Jacqueline C. Fried, of Short Hills, New Jersey, died on Tuesday, March 8, 2016 at Morristown Medical Center, surrounded by her family. She was 52. The cause was Ovarian Cancer, which she battled valiantly for nearly five years. Jackie was born on October 8th, 1963 in upper Manhattan and raised in the Bronx by her late father, Harry Koenigstein, a Holocaust survivor from Poland, and her loving mother, Marilyn. At age 11 her family moved to Staten Island so that her sister, Millie, who suffers from Down’s Syndrome, could attend a better school for her needs. Jackie attended public school and met her future husband at Susan Wagner High School, although they did not date at that time. She attended Syracuse University and graduated with a bachelor’s degree in retailing in 1985. She returned home after college, began her first professional job as an assistant buyer at A&S department store in Brooklyn, and dated her future husband for a short time (and then broke up with him because she was not ready to be “serious”). After a couple of years, she decided to realize a long-standing dream and move to Israel. The fact that she didn’t speak Hebrew and didn’t know anyone there other than a few cousins was not a deterrent. She found a job as an international sales manager at an Israeli plastics company and moved to Tel Aviv where she learned to speak fluent Hebrew, got her own apartment and stayed for four years. She returned to the U.S. just as her future husband was finishing law school and they resumed their relationship and were married on January 16, 1993.

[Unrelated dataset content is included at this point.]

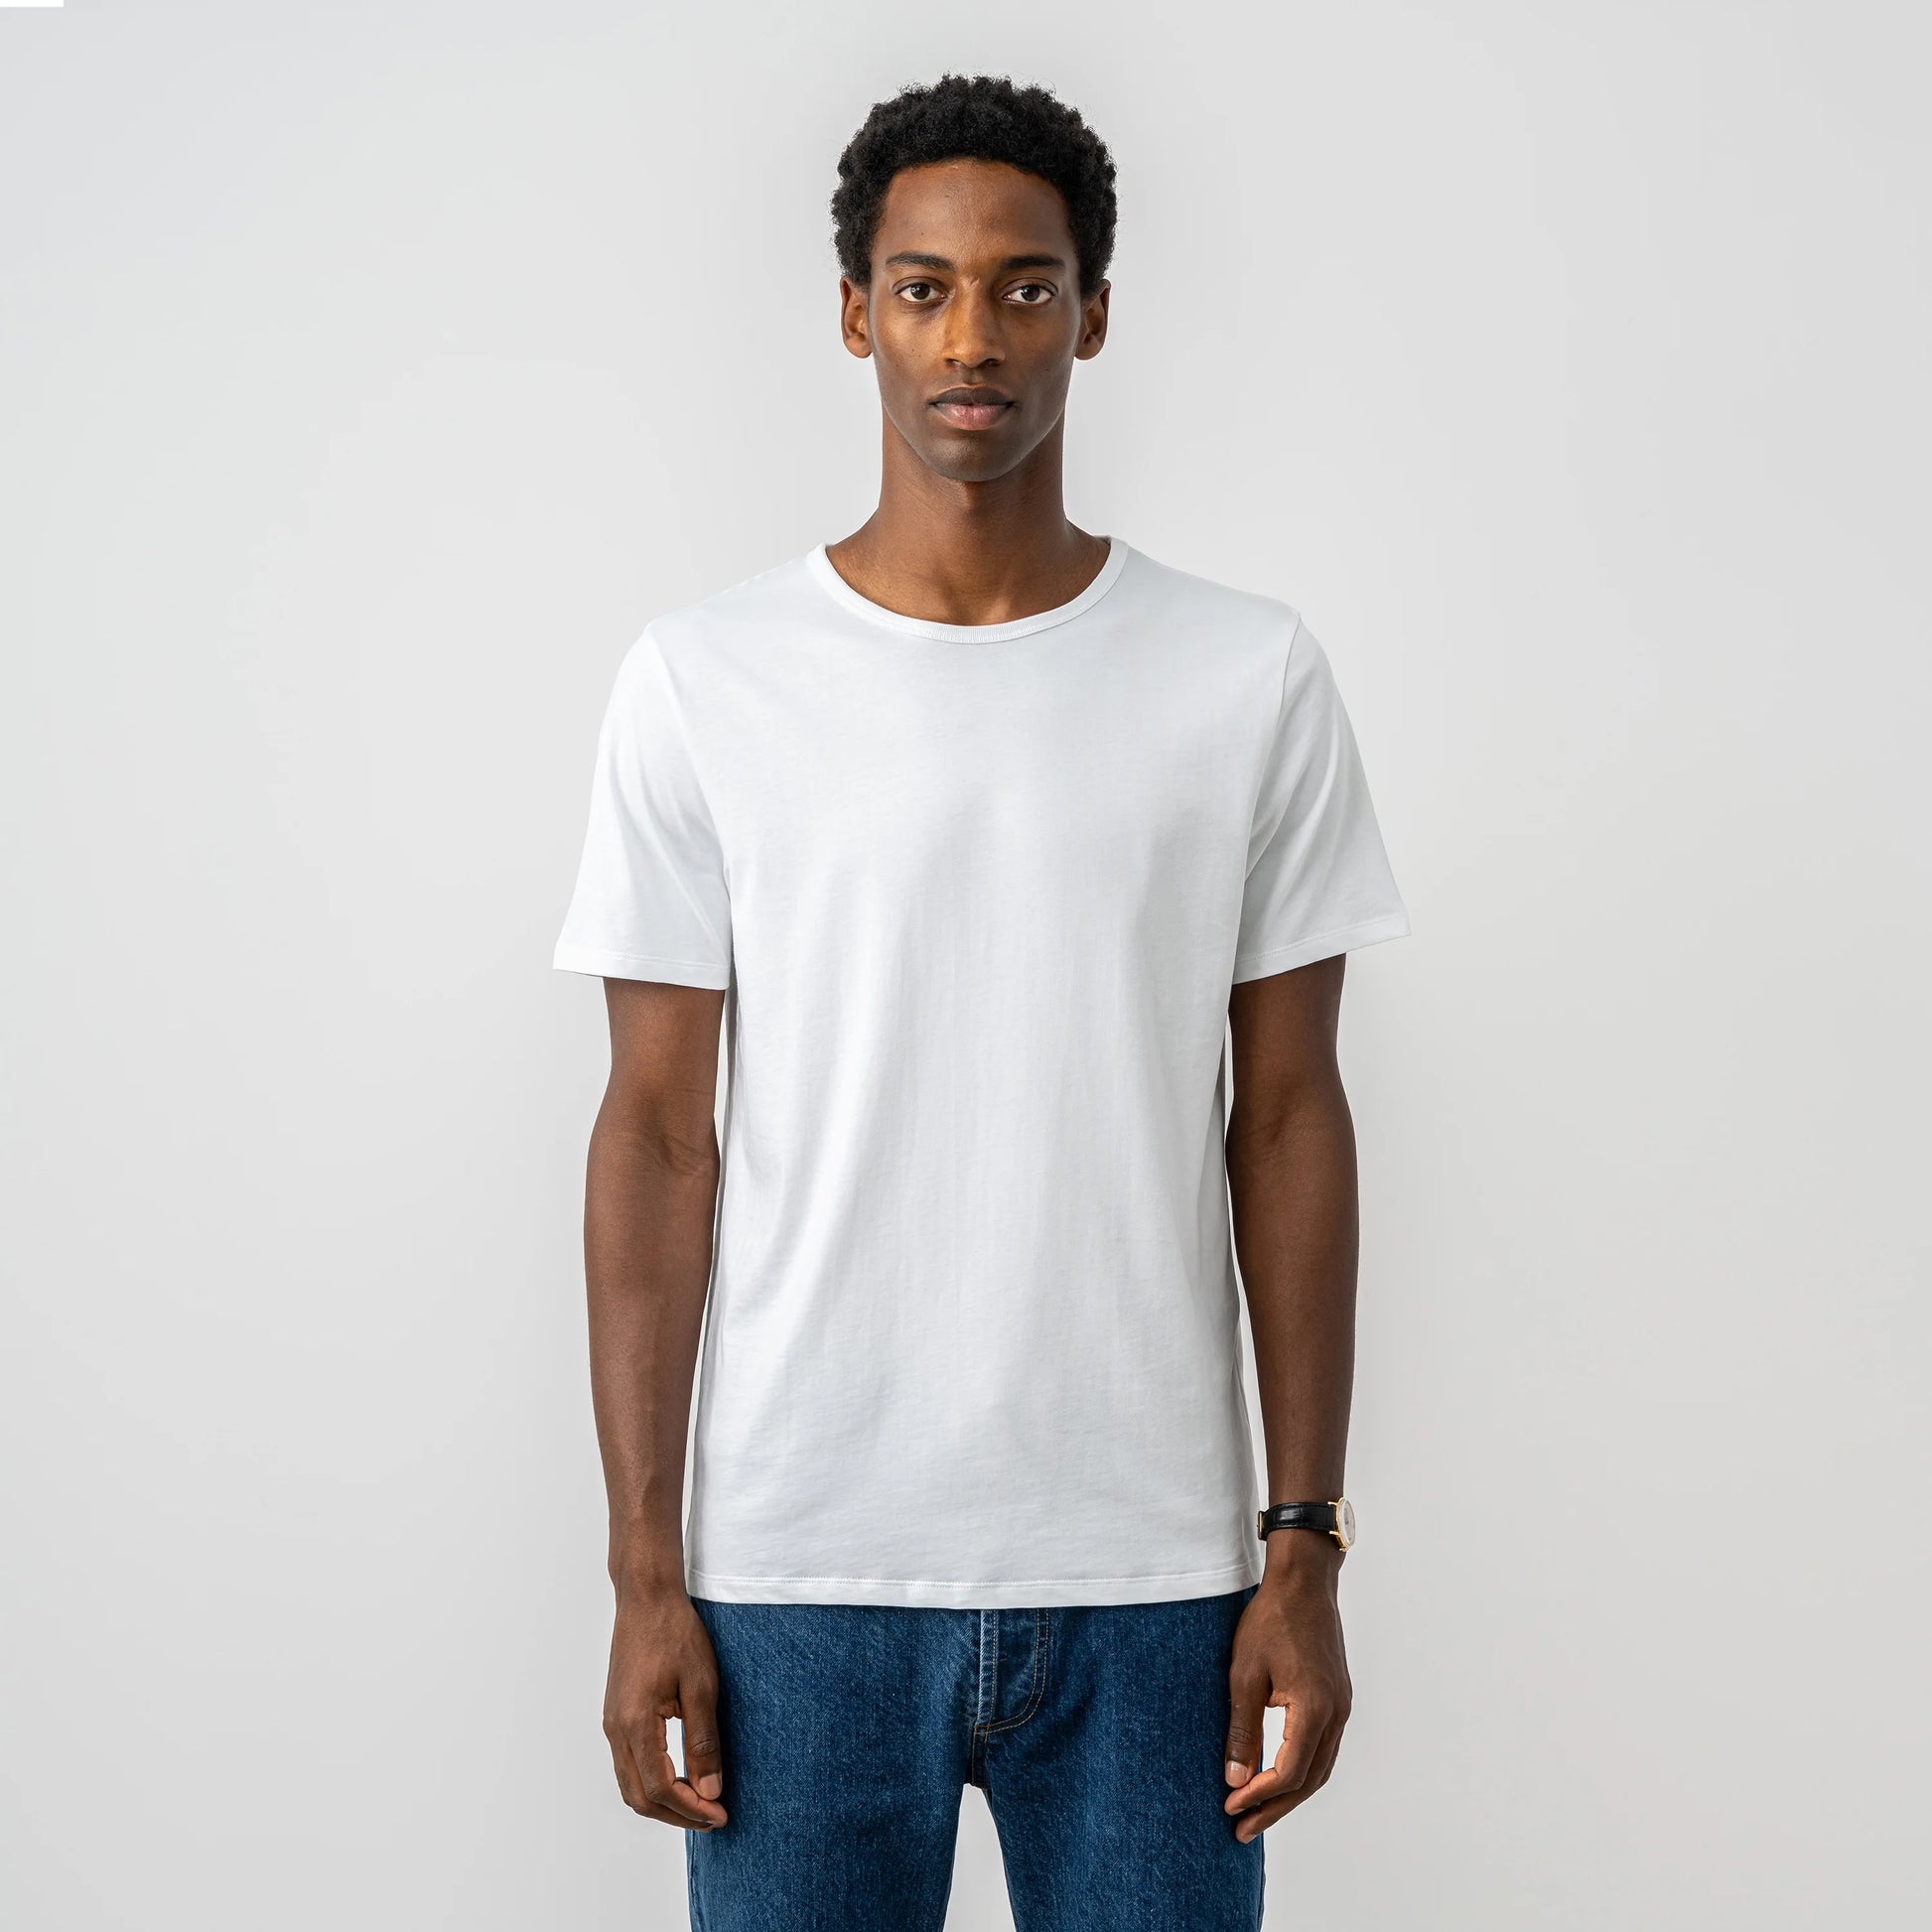 Men's Classic T-Shirt White - Organic Cotton | ISTO.

Soon after returning, she also decided to change career direction and obtained a degree in Diagnostic Medical Sonography from New York University. She worked as an ultrasound technician at several hospitals in New York City including, New York Downtown Hospital and NYU Medical Center.
She discontinued her professional career after her first child was born and stayed home to raise her three wonderful daughters, Emma, Arielle and Julia, to whom she was an extraordinary mother, friend, counselor, fashion advisor, softball coach, art instructor, shopping buddy, disciplinarian, mentor and role model. She loved her girls more than anything else.
She served as a volunteer for numerous school and community organizations, including twenty years with the Millburn/Short Hills Tziona Chapter of Hadassah (from whom she received the 2014/2015 Woman of the Year Award) and working as an EMT and serving as a Trustee for the Millburn/Short Hills Volunteer First Aid Squad. When she turned forty, she decided to learn to play the guitar and went on to co-found an all-woman rock band, The Mood Swings, which played regularly at local bars, events and parties for ten years. At about the same time, she decided that, despite her self-described lack of creativity, she would also try some craft projects and soon became a highly-skilled craftsperson, creating beautiful jewelry, mosaics, pottery and woodwork. She went on to run an arts and crafts program for over 300 campers for five summers at Camp Kinder Ring in Hopewell Junction, New York, which was the sleep-away camp two of her children attended and which she had also attended and worked at for nine summers when growing up. In recognition of her service and commitment, she was named a Torchbearer, the camp’s highest honor, at a beautiful ceremony in summer, 2013.
She was a person of remarkable strength, talent, vitality, energy, common sense and practicality. She was also funny, direct and famously tough, yet also unpretentious, charming and tender. She loved music and knew the lyrics to nearly every rock and roll song, and many Broadway and pop hits. She loved nothing more than turning up the radio and singing along at the top of her lungs. She couldn’t sit still and always had to have a project...and could accomplish anything she set her mind to…whether it was renovating a kitchen and two complete bathrooms on her own or sewing curtains or stripping and refinishing furniture. Hers was an example of a life well lived, and she was respected, loved and admired by many.
She is survived by her three beloved daughters, Emma, Arielle and Julia, and her husband, Stuart Fried; also by her mother, Marilyn Koenigstein (nee Mayer), sister Millicent Koenigstein, and half-brother Keith Koenigstein. Services were held on March 10, 2016 at Bernheim Apter Kreitzman Suburban Funeral Chapel in Livingston, New Jersey. Donations can be made to the Ovarian Cancer Research Fund (New York, NY) and to Memories Live (Summit, NJ).